The NIS Cooperation Group adopted common templates for cyber incident reporting on 26 May 2026, during its 39th plenary meeting in Cyprus. The European Commission plans to adopt these templates through an implementing act, making them mandatory for all member states.
For organisations in scope of the NIS2 Directive (Directive (EU) 2022/2555), the practical takeaway is clear: the incident reporting process you build today will soon need to follow a Europe-wide standard format.
What the templates solve
Until now, each member state could require its own reporting format. A company operating across multiple EU countries had to fill out different forms with different fields for the same incident.

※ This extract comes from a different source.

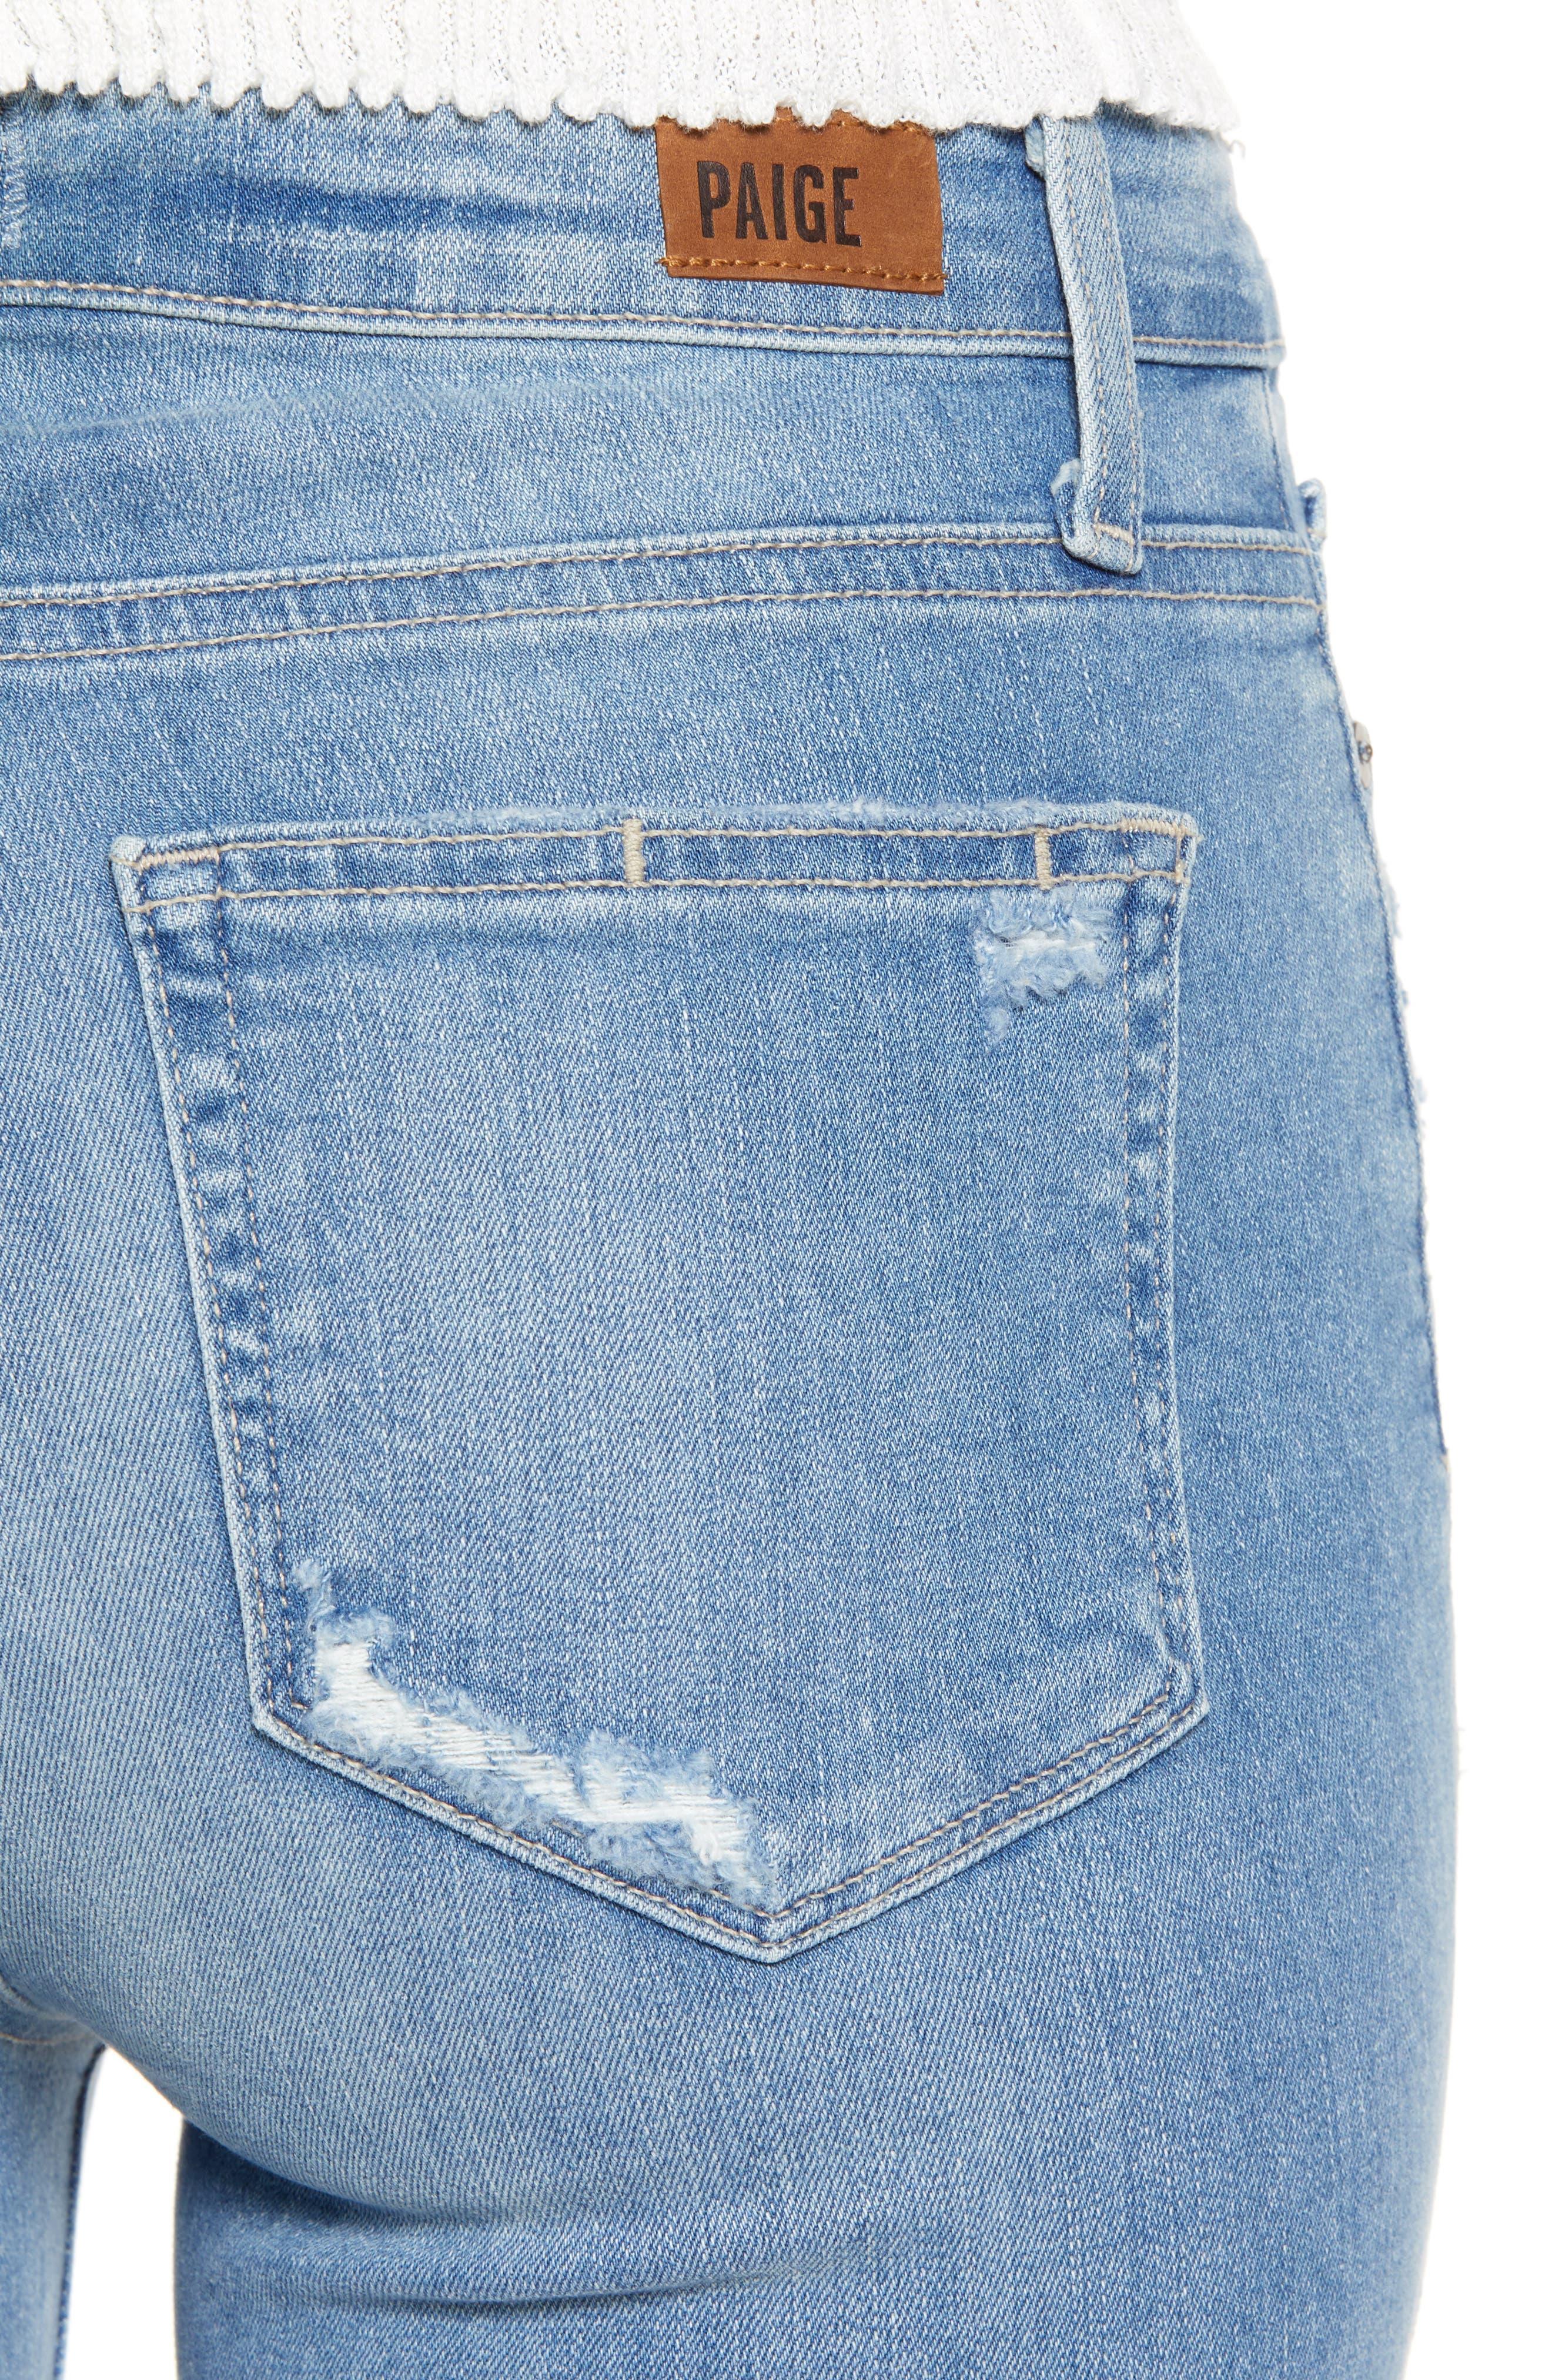 PAIGE, Hoxton Transcend Vintage High Waist Crop Skinny Jeans, Alternate thumbnail 5, color, ATTERBURY W/ TORN BACK HEM

The unified templates eliminate this friction by establishing a common data structure across the entire union.
The templates cover all reporting phases defined in NIS2 Article 23:
- Early warning (24 hours) — indication of whether the incident involves unlawful or malicious acts and whether it could have cross-border implications.
- Incident notification (72 hours) — updated assessment covering severity, impact, and available indicators of compromise.

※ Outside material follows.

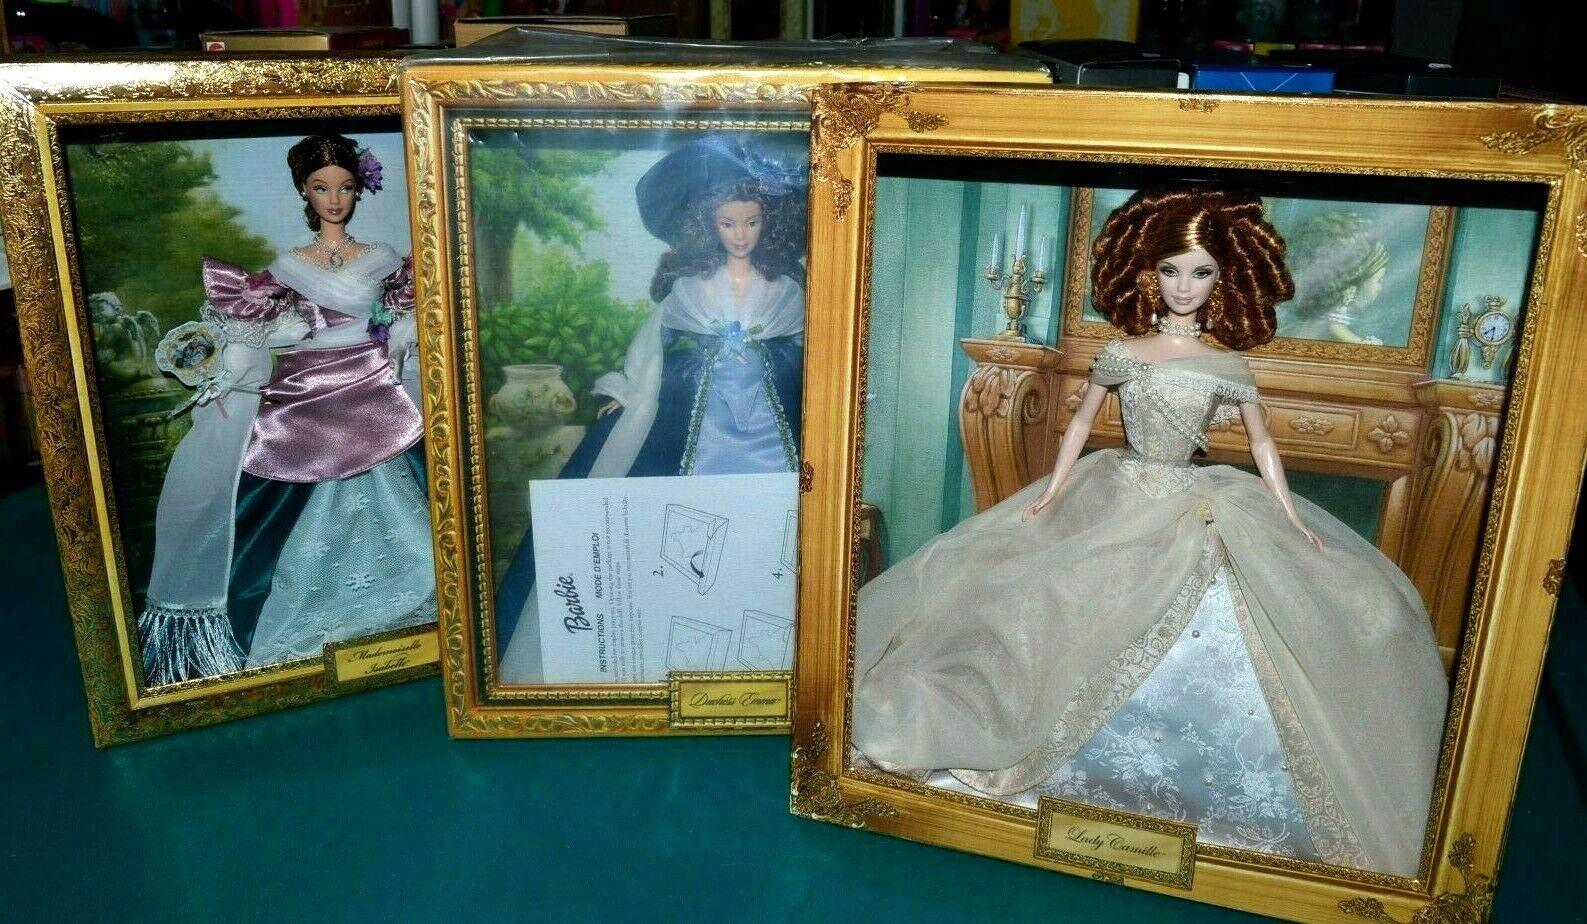 Nuevo En Caja-Lote de 3 Muñecas Barbie-duquesa Emma, Mademoiselle Isabelle, Lady Camille,

- Intermediate report (on request) — status updates when requested by the CSIRT or competent authority during incident handling.

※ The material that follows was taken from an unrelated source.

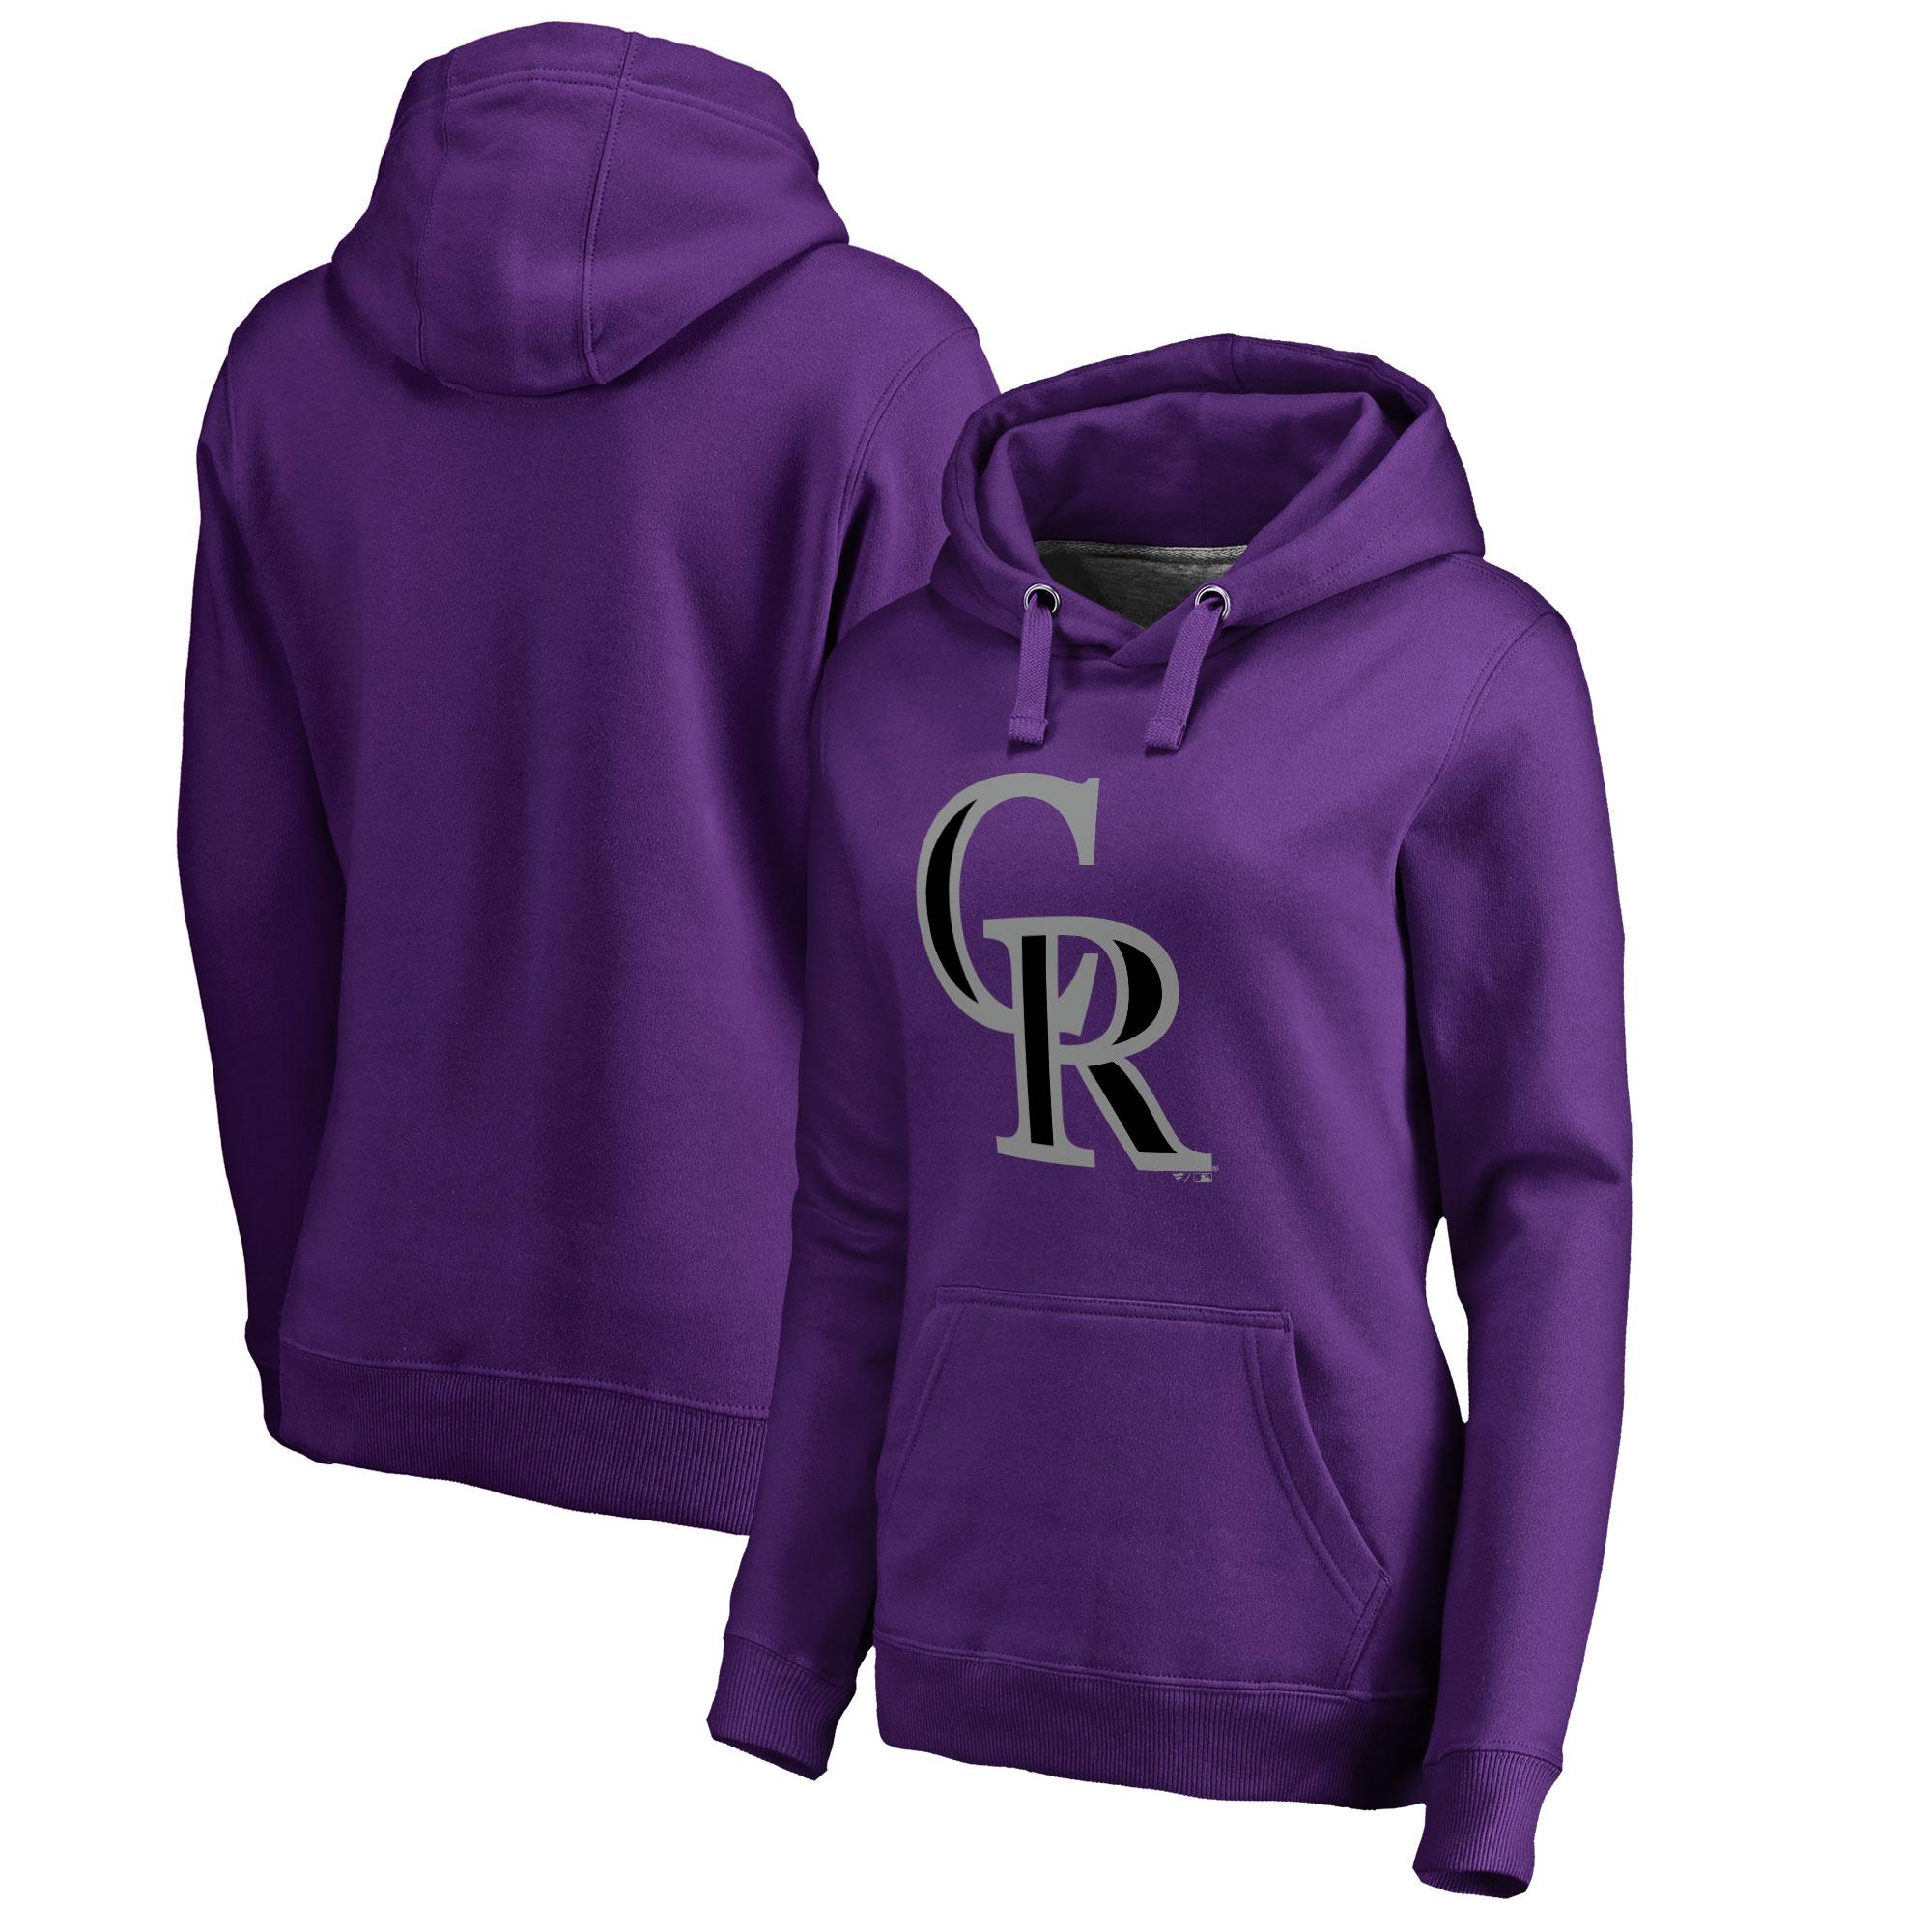 Colorado Rockies Women's Plus Sizes Primary Team Logo Pullover Hoodie - Purple

- Final report (30 days) — detailed description of the incident, probable root cause, mitigation measures applied, and cross-border impact.
Context for Slovakia
In Slovakia, incident reporting is governed by NBU Decree 226/2025, effective since 1 September 2025. It defines severity criteria (affected users, outage duration, confidentiality impact) and reporting requirements towards SK-CERT. The new European templates do not replace this decree — they complement it with a standardised format that simplifies cross-border communication.
Organisations registered in JISKB since March 2025 face a 24-month deadline for their first external audit. Most essential entities will be audited by March 2027. Auditors will assess incident reporting readiness — including the ability to meet deadlines and populate the required fields.
Connection to the Digital Omnibus
The templates are part of broader simplification efforts under the Digital Omnibus package. The Commission is developing a single-entry point for incident reporting, where an organisation submits one report and the system distributes it to the relevant authorities. The goal is reducing administrative burden without compromising response speed.
How to prepare
While the implementing act does not yet have a fixed effective date, organisations should not wait. Incident reporting is one of the areas that audits under Decree 227/2025 evaluate. We recommend:
- Map your internal process from detection to reporting — who decides on severity, who fills out the report, who communicates with SK-CERT.
- Adopt a reporting template that covers Article 23 fields (severity, impact, indicators of compromise, mitigation measures, cross-border dimension).
- Test the process with a tabletop exercise — a simulated incident under 24/72-hour time pressure reveals weaknesses faster than a paper review.
- Ensure your ITSM tool (ticketing system) can export data in a structure compatible with the future mandatory format.
When the implementing act takes effect, organisations with an established process will only need a technical format adjustment — not a ground-up rebuild.